Iain Dale has an article in the Telegraph called Gordon Brown is out to destroy the Tories, which makes for interesting reading.

Not surprisingly I have a somewhat different take on what the implications of Gordon Brown’s “ruthless” political tactics would be, should he be successful and finally make the Tory’s collapse once and for all.

Of course Labour want to destroy the Tory party… as it is now ideologically indistinguishable from Labour under the dismal Cameron, they are clearly fighting for the same centre-left statist voters as neither side cares about conservatives.

As a consequence voters who are actual conservatives ideologically have only one genuinely conservative party to vote for and that is not the preposterous Blue-Green caring-sharing hug-a-hoodie tax-and-spend Tory party, it is UKIP. Thus is Gordon Brown well and truly “destroys” the Tory party, it might actually finally force the rump of suicidally loyal Tories to look elsewhere for their psephological fix on election day.
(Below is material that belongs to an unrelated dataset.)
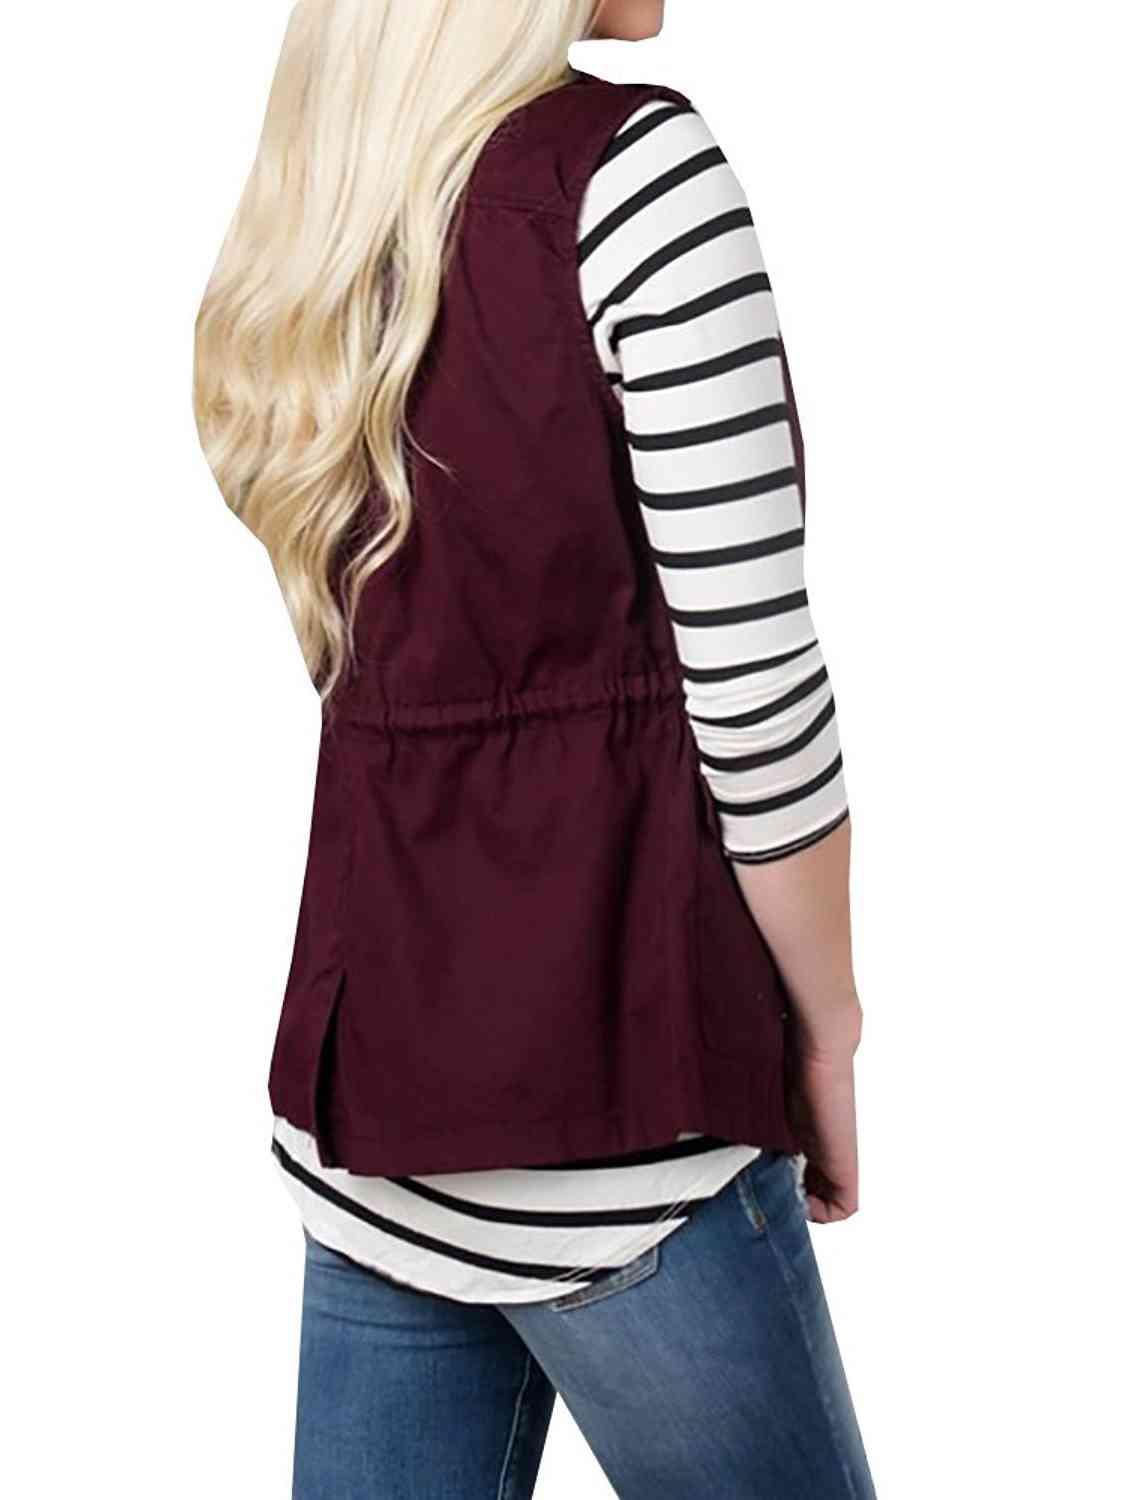 a woman with long blonde hair wearing a maroon vest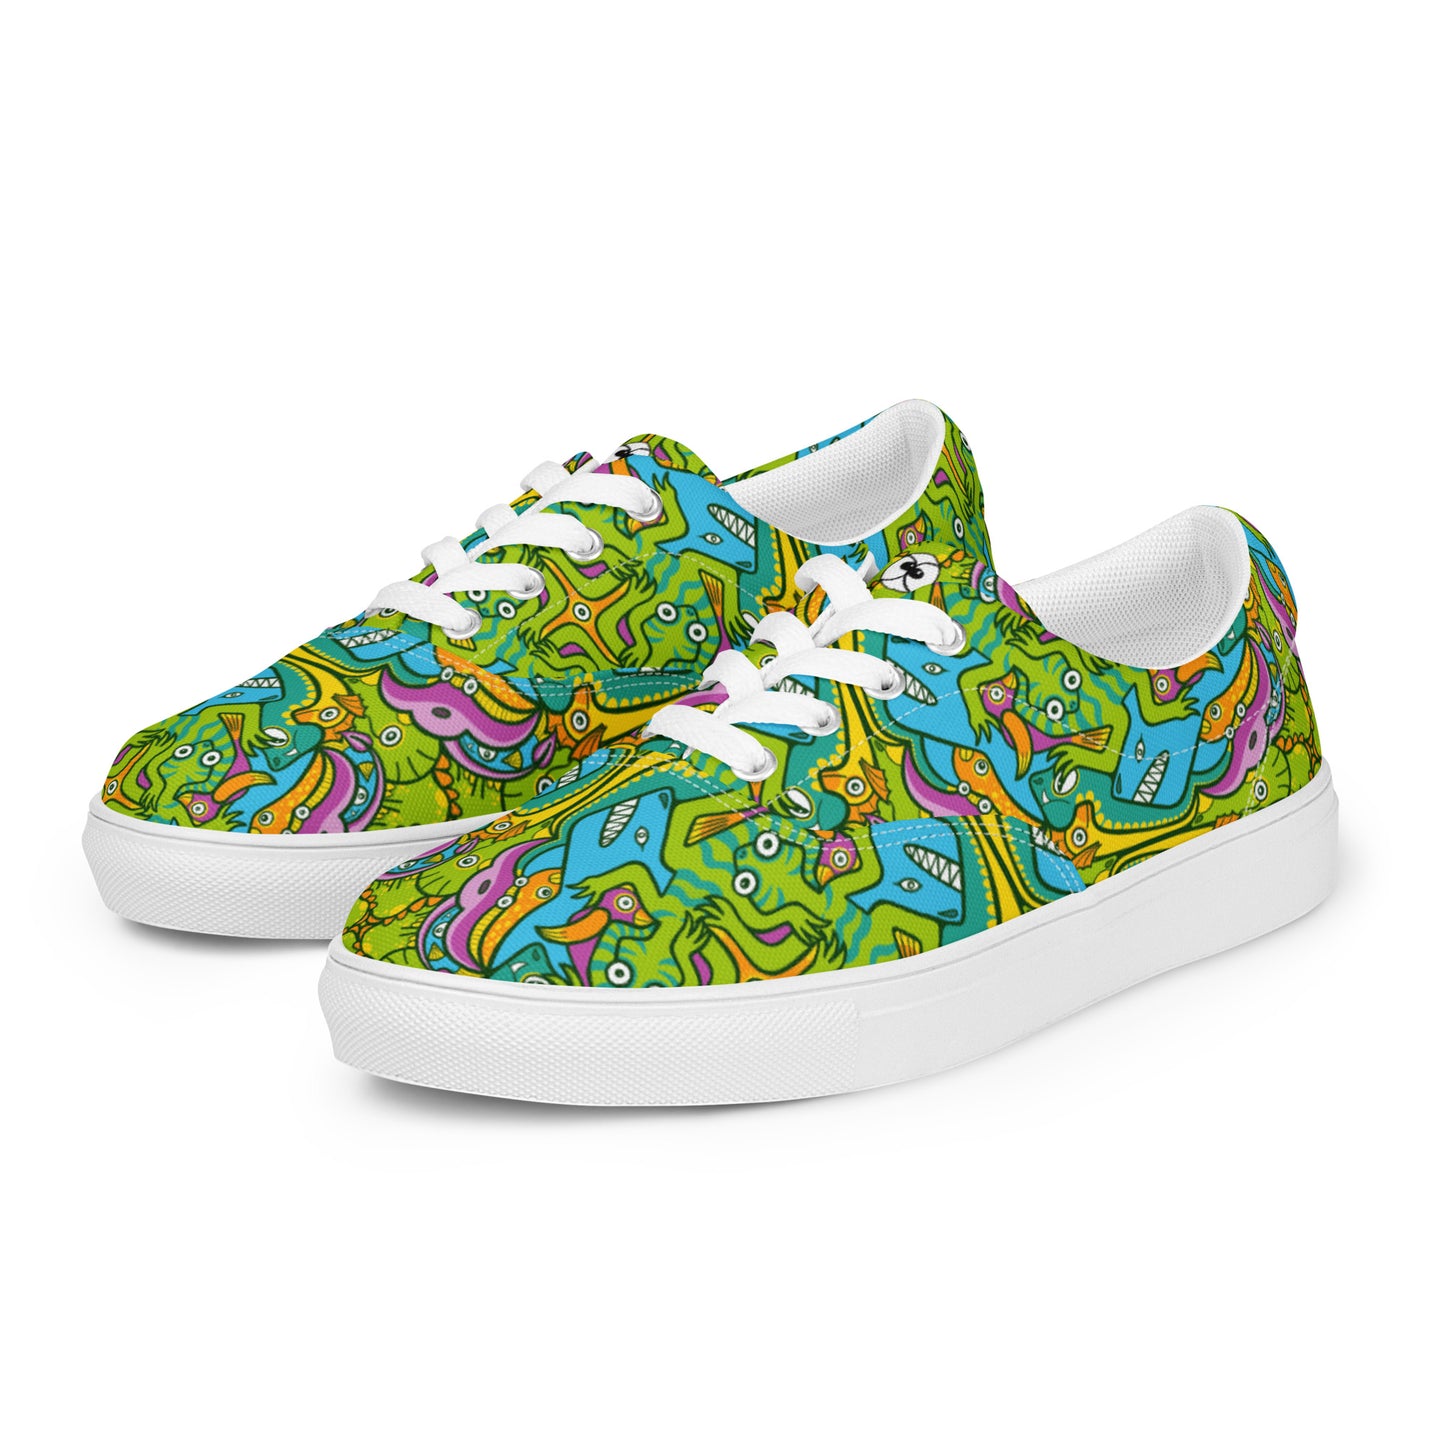 To keep calm and doodle is more than just doodling Men’s lace-up canvas shoes. Overview

In fact if Brown manages to destroy the Tory party, he will be doing actual conservatives a great service (though in truth it will be ‘Dave’ Cameron and all those who voted for him to be leader who actually destroyed the party, not Brown).

19 comments to Will Gordon Brown be the saviour of British conservatism?

  • doug

    Why isn’t privatization of the BBC an issue that UK conservatives could rally around? Why is this media conglomerate still feeding at the public trough?
    regards,
    a clueless American.

  • Nick M

    If by “conservatives” you mean “Conservatives” then the reason is that iDave thinks the BBC will grow to love him and help him issue in more of the same, only greener (Ooops, I mean more ethical) and we all know how the BBC is so keen on the old ethical-living issues.

    Proper UK conservatives want both the BBC and CameronPod to disappear into an oubliette.

    doug, you describe yourself as a “clueless American” but then you and your country-folk haven’t allowed a situation to arrive where you need a $260 annual license to own a TV!

    I just set up a direct debit for mine.

    Now, who looks clueless, me or you?

  • Sam Duncan

    I think it’s because British Conservatives are conservative. The BBC, like it or not, is a national institution, and they like that kind of thing (it’s why they’re so reluctant to sweep away the last vestige of European Communism that is the NHS). They’ll put up with their political beliefs being misrepresented and spat upon day in, day out as long as they can still get “those wonderful wildlife documentaries” and Gardeners’ Question Time. Getting rid of it would be too much fuss.

  • Cynic

    I think Sam Duncan has it largely right. I can’t remember who wrote it, but I remember reading in a newspaper not long ago a conservative pundit saying that the post office shouldn’t be privatised merely because since the government had ran for centuries, it was a ‘tradition’ that had to be kept.

  • Alice

    Question is — What is a Conservative, in the British sense?

    Used to be that a Conservative was archetypically a retired Army major who lived in Chipping Sodbury, kept bees, and wanted no change from the Days of Empire. Now there are conservatives who want to see change — smaller, less-intrusive government. Problem for David Cameron is that he represents neither kind of C/conservative.

    But the Conservatives annointed Mr. Cameron as their leader. In a democracy, people get what they deserve.

  • Sunfish

    doug, you describe yourself as a “clueless American” but then you and your country-folk haven’t allowed a situation to arrive where you need a $260 annual license to own a TV!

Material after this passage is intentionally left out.